Las penas privativas de la libertad y las medidas de seguridad deben estar orientadas hacia la reeducación y reinserción social de estas personas; las cárceles deben convertirse en centros donde se les enseñe a los reclusos un oficio, una actividad, una forma de trabajo para que al cumplir sus condenas salgan sabiendo hacer algo, para que salgan a cumplir un papel dentro de la sociedad, para que salgan siendo útiles en la sociedad, de esta manera se les facilitara su incorporación a la sociedad.

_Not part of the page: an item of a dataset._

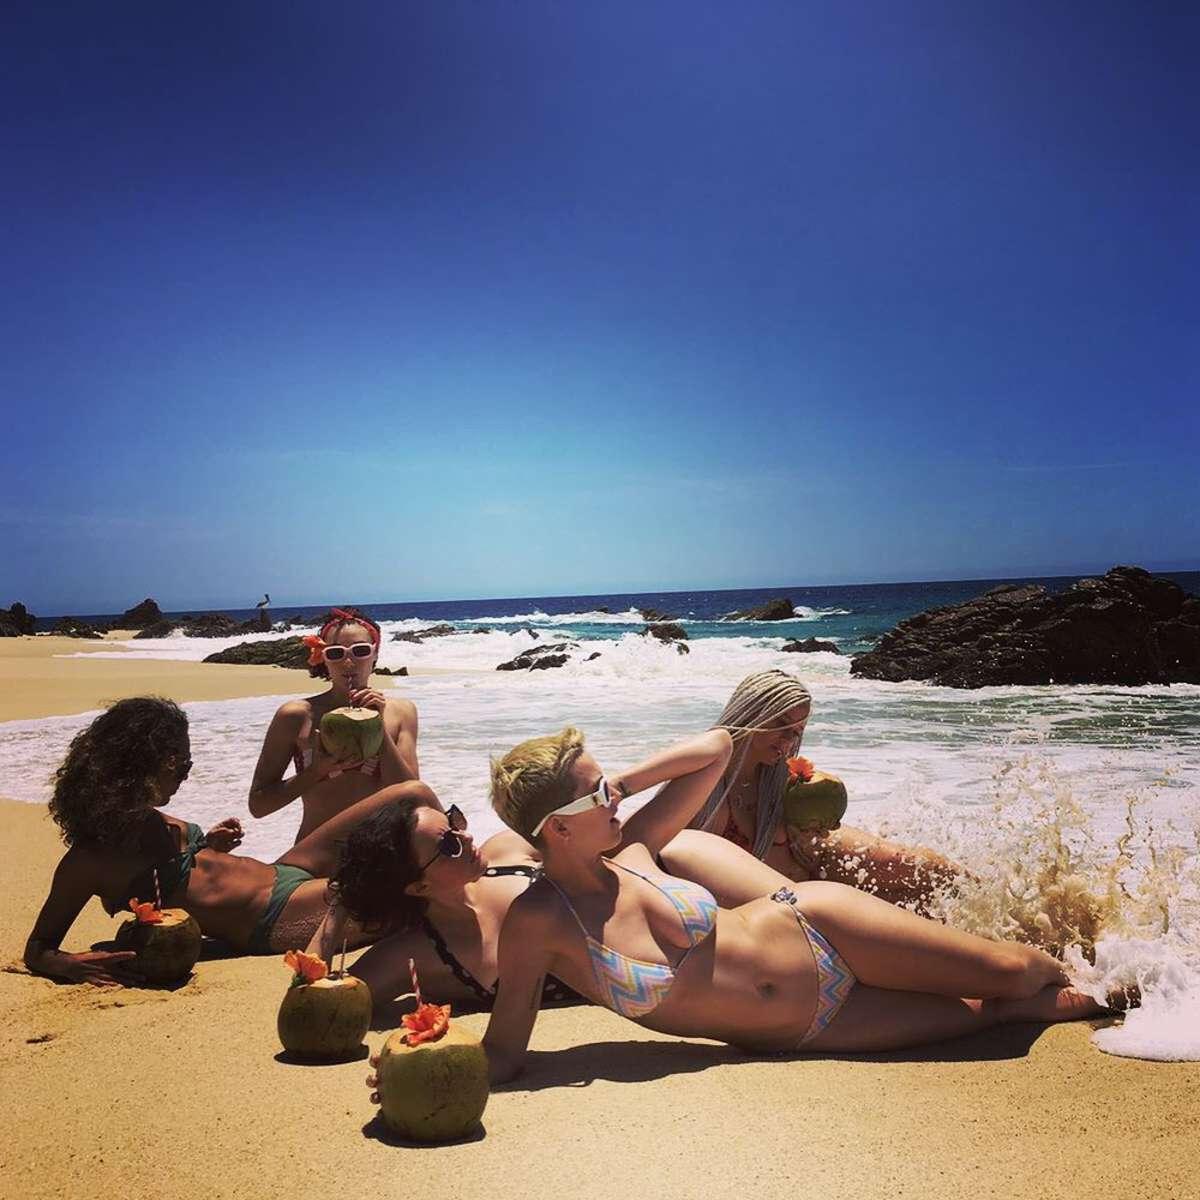 Нудистский пляж в Нью-Джерси: samsebeskazal 44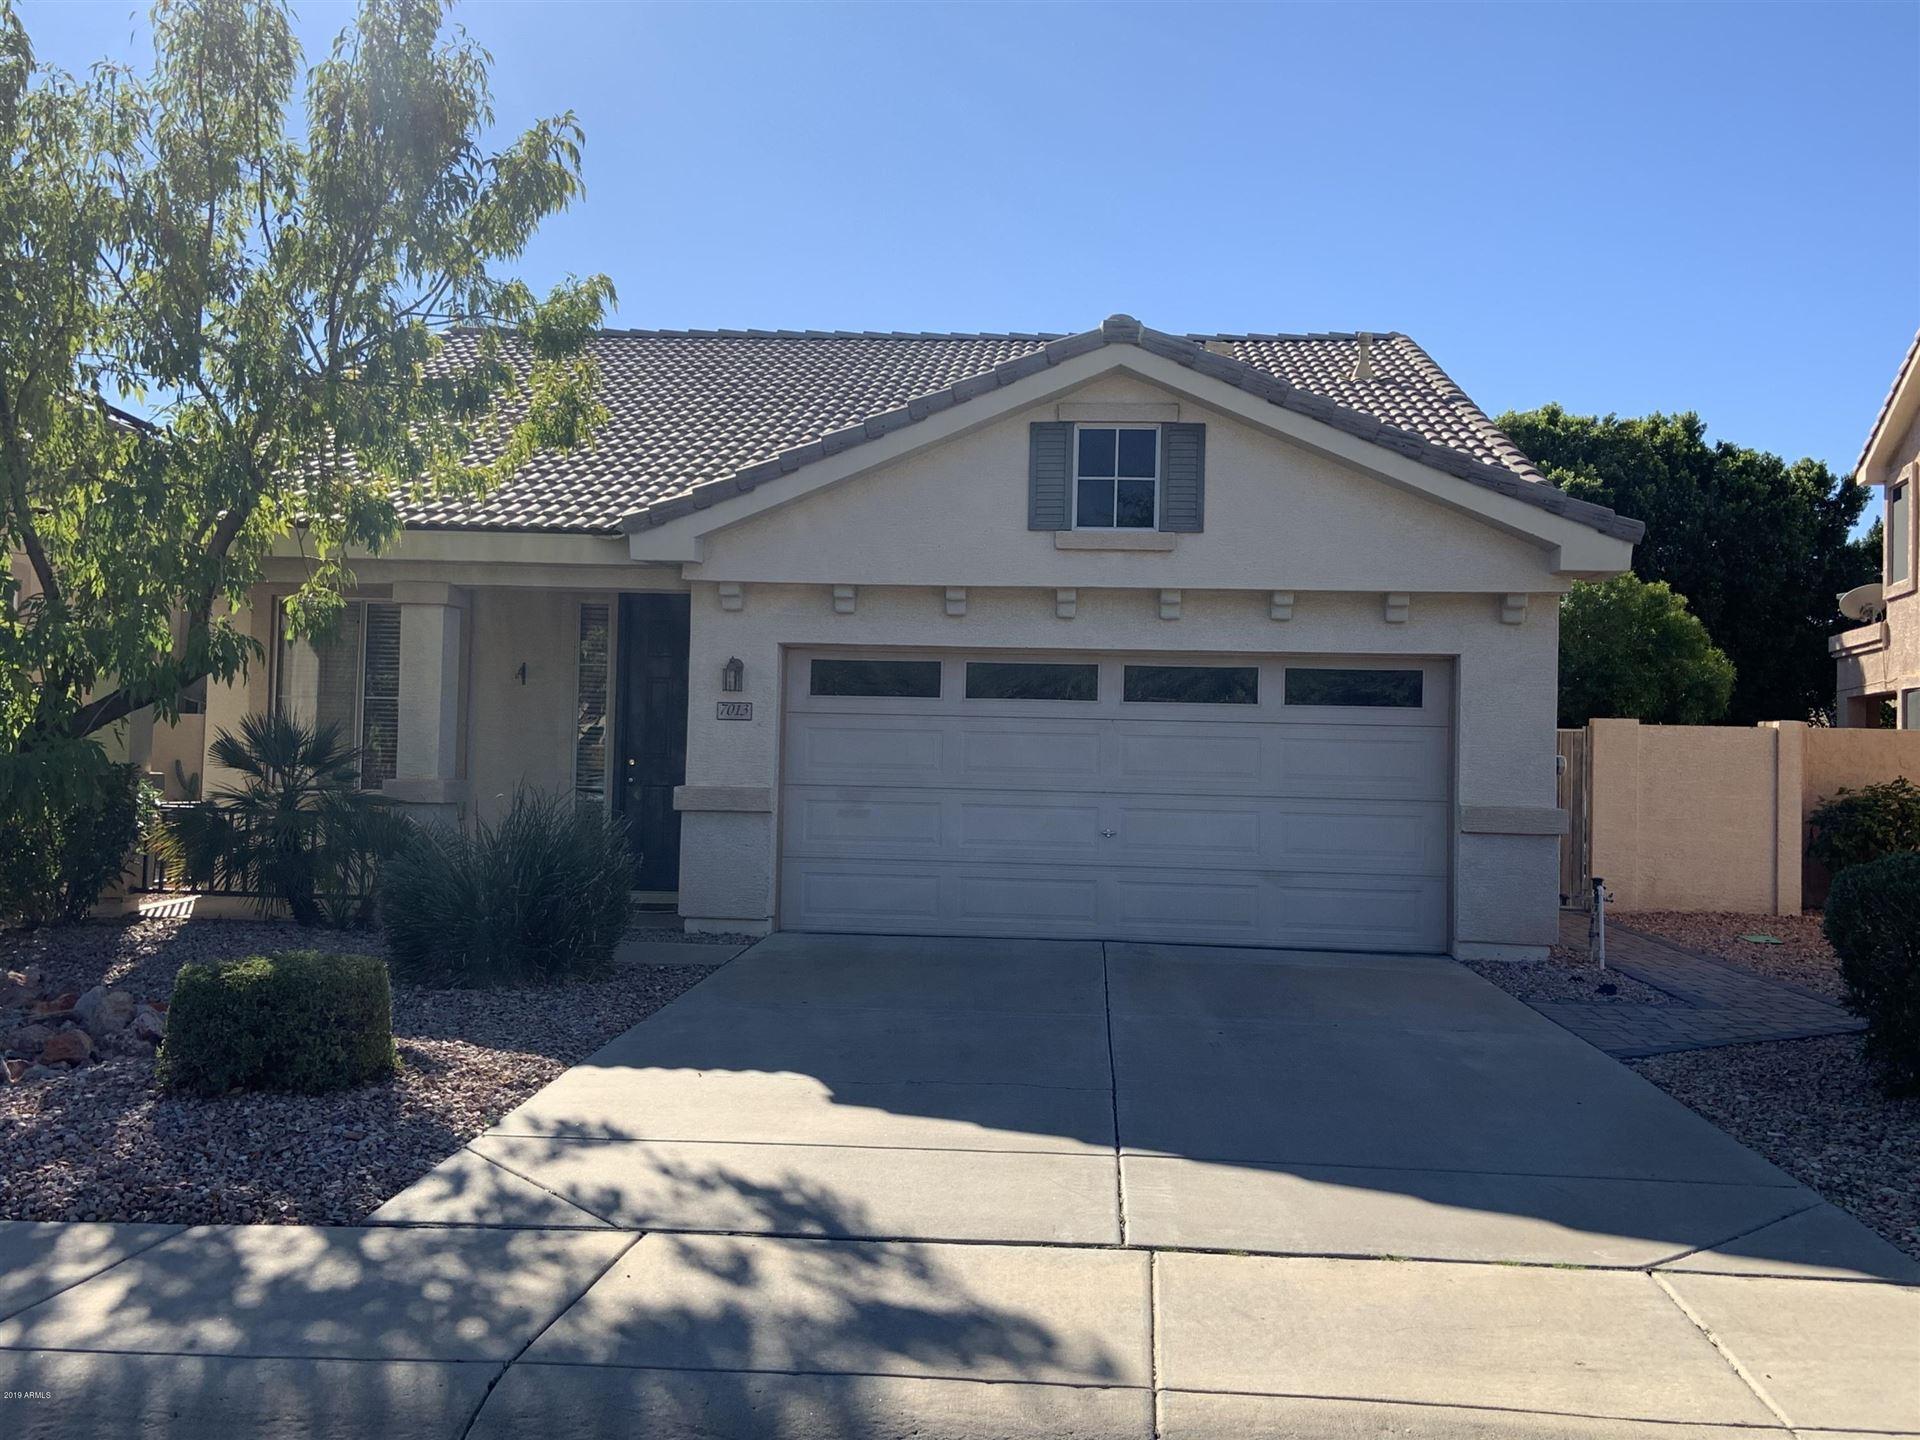 7013 W TONOPAH Drive, Glendale, AZ 85308 - MLS#: 6229533

Al estar en aquella cárcel, pude notar una gran diferencia entre las personas que estaban amontonadas unas sobre otras en las celdas, y entre las personas que estaban pintando: en ambos casos todos tenían un pasado muy parecido, todos eran ladrones, asesinos, violadores, pero mientras los primeros estaban desesperados, gritando, y peleándose entre sí en la estrechez de sus celdas, las otras personas que estaban pintando, inclusive la mujer que estaba realizando las tareas del aseo, tenían un semblante calmado, paciente, tranquilo; en sus rostros se denotaba la liberación de sus mentes y las ganas de plasmar sus sueños en una pared con un pincel. Uno de los muchachos que estaba pintando, se acercó hasta donde estábamos nosotros, era de estatura mediana, piel morena, ojos chicos y labios grandes, su acento era caribeño; se paró enfrente mío, solo nos separaba la valla que formaba nuestra improvisada celda, me dio la mano y me saludo, yo estaba esposado, pero él no; a mí me pareció raro, y le pregunté por qué no tenía esposas puestas en sus muñecas, él me dijo que ya había cumplido gran parte de su condena, que había matado a un hombre por robarlo, pero que gracias a sus buenos comportamiento ya no los esposaban en el día ni a él ni a sus compañeros también pintores, que los dejaban caminar por los corredores, que los dejaban pintar murales, y que con esa acción, que además los hacía sentirse bien, los distraía y les hacía sentir como si el tiempo pasara más rápido, también les rebajaban unas semanas a sus penas. Vi en su semblante y en el de sus compañeros una actitud no de asesino ni de ladrón, sino que vi a una persona, a un ser humano igual que yo, un ser humano que tal vez cometió errores atroces en su pasado, pero que al ver su mural, y señalarlo con su dedo índice para mostrármelo, y al decirme que amaba pintar, vi a una persona que quería salir pronto para seguir pintando, eso me lo confeso, yo decidí creerle, y estoy seguro que al cumplir su condena, saldrá a buscar la forma para perseguir y alcanzar su sueño. Pero más seguro estoy, de que la transformación social en las personas es posible, y de que la solución para la reducción de la delincuencia está en convertir las cárceles en centro de transformación social.